What is life, in contrast to never having one, when the living of it, in all its time-bound realms, is excused as fate? The word ‘generation’ marks a period in which a whole life is contained. A life’s share of the universe, catastrophes, upheavals, and profound sensibilities. But is a generation enough to epitomize a political and religious revolution? This film explores the depths of fulfilling such a prophecy.


Incendies builds an emotional, visceral, and cerebral world. The film manifests what I’d like to think of as the psychosis of a vision and the justification of freedom. The constant stirring of time in a pot uninhibited by its fantasies. As a result, you see the life of Nawal through the lens of her children’s incomplete memories of their mother.

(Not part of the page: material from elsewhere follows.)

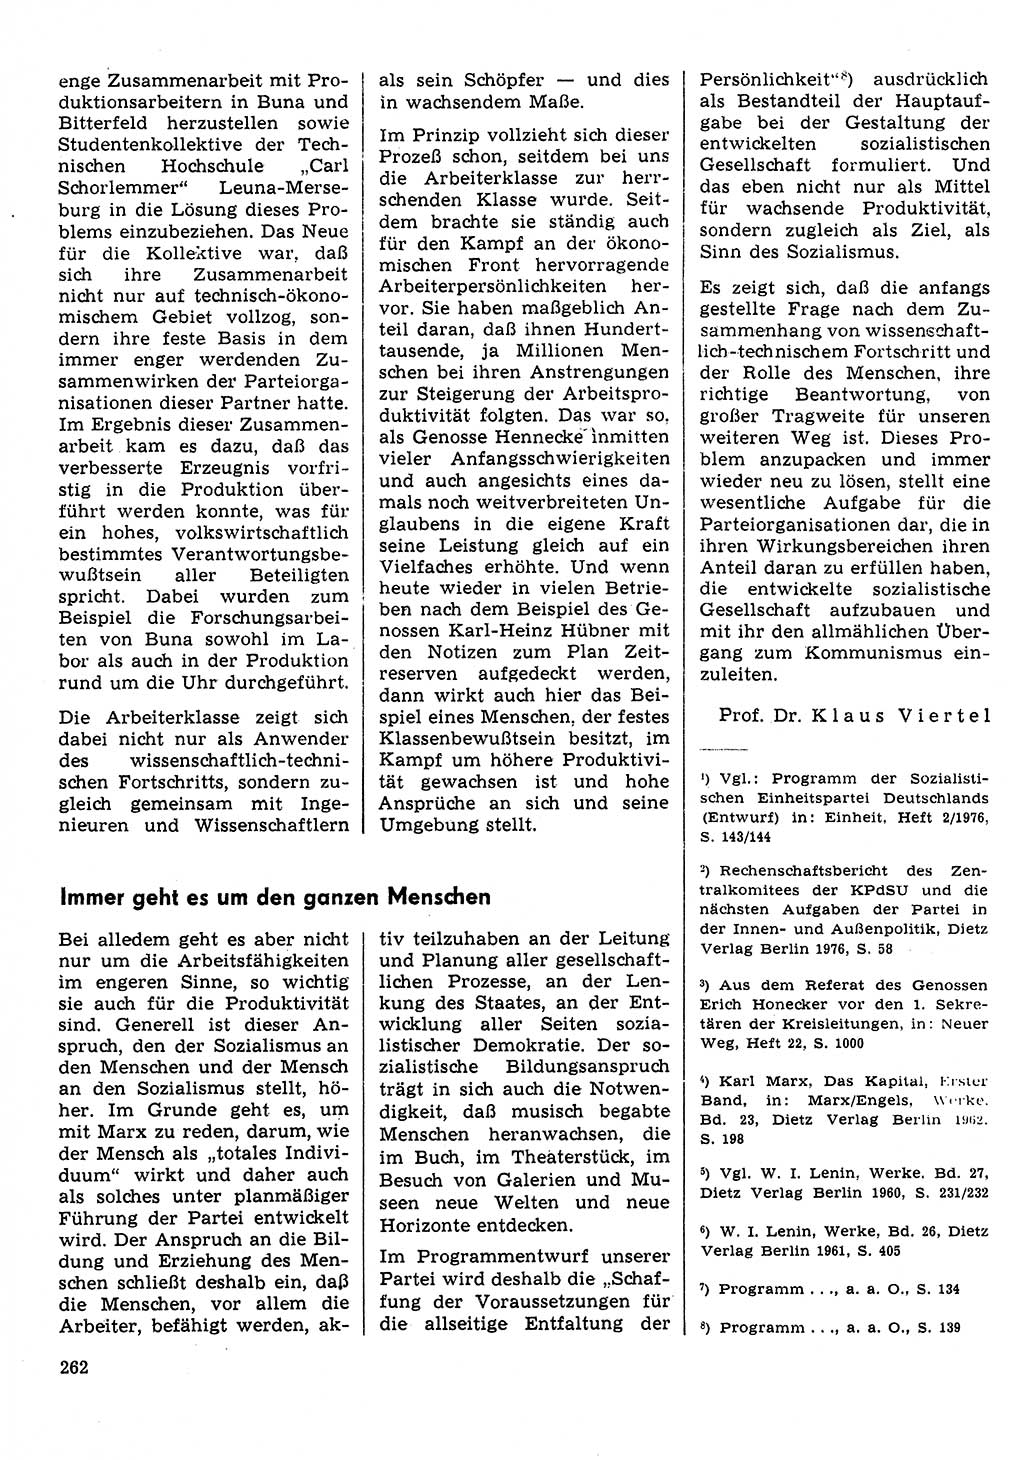 Neuer Weg (NW), Organ des Zentralkomitees (ZK) der SED (Sozialistische Einheitspartei Deutschlands) für Fragen des Parteilebens, 31. Jahrgang [Deutsche Demokratische Republik (DDR)] 1976, Seite 262 (NW ZK SED DDR 1976, S. 262)

The story is gripping and embracive. The film feels like a time machine taking you back and forth - stopping time, quickening it, reversing it - only to fit the cryptic capacity of Denis Villeneuve’s magnetic story. The choice of background score is profound and deeply disturbing. Nothing that feels out of place in a setting as intense and restless.


Some stories are narrated beyond words. But they can be heard as intimately as the pounding of one’s own heart. And the memories of Nawal, the life of her children, and the crux of this film are parts of them. They grab you by the throat and never let go.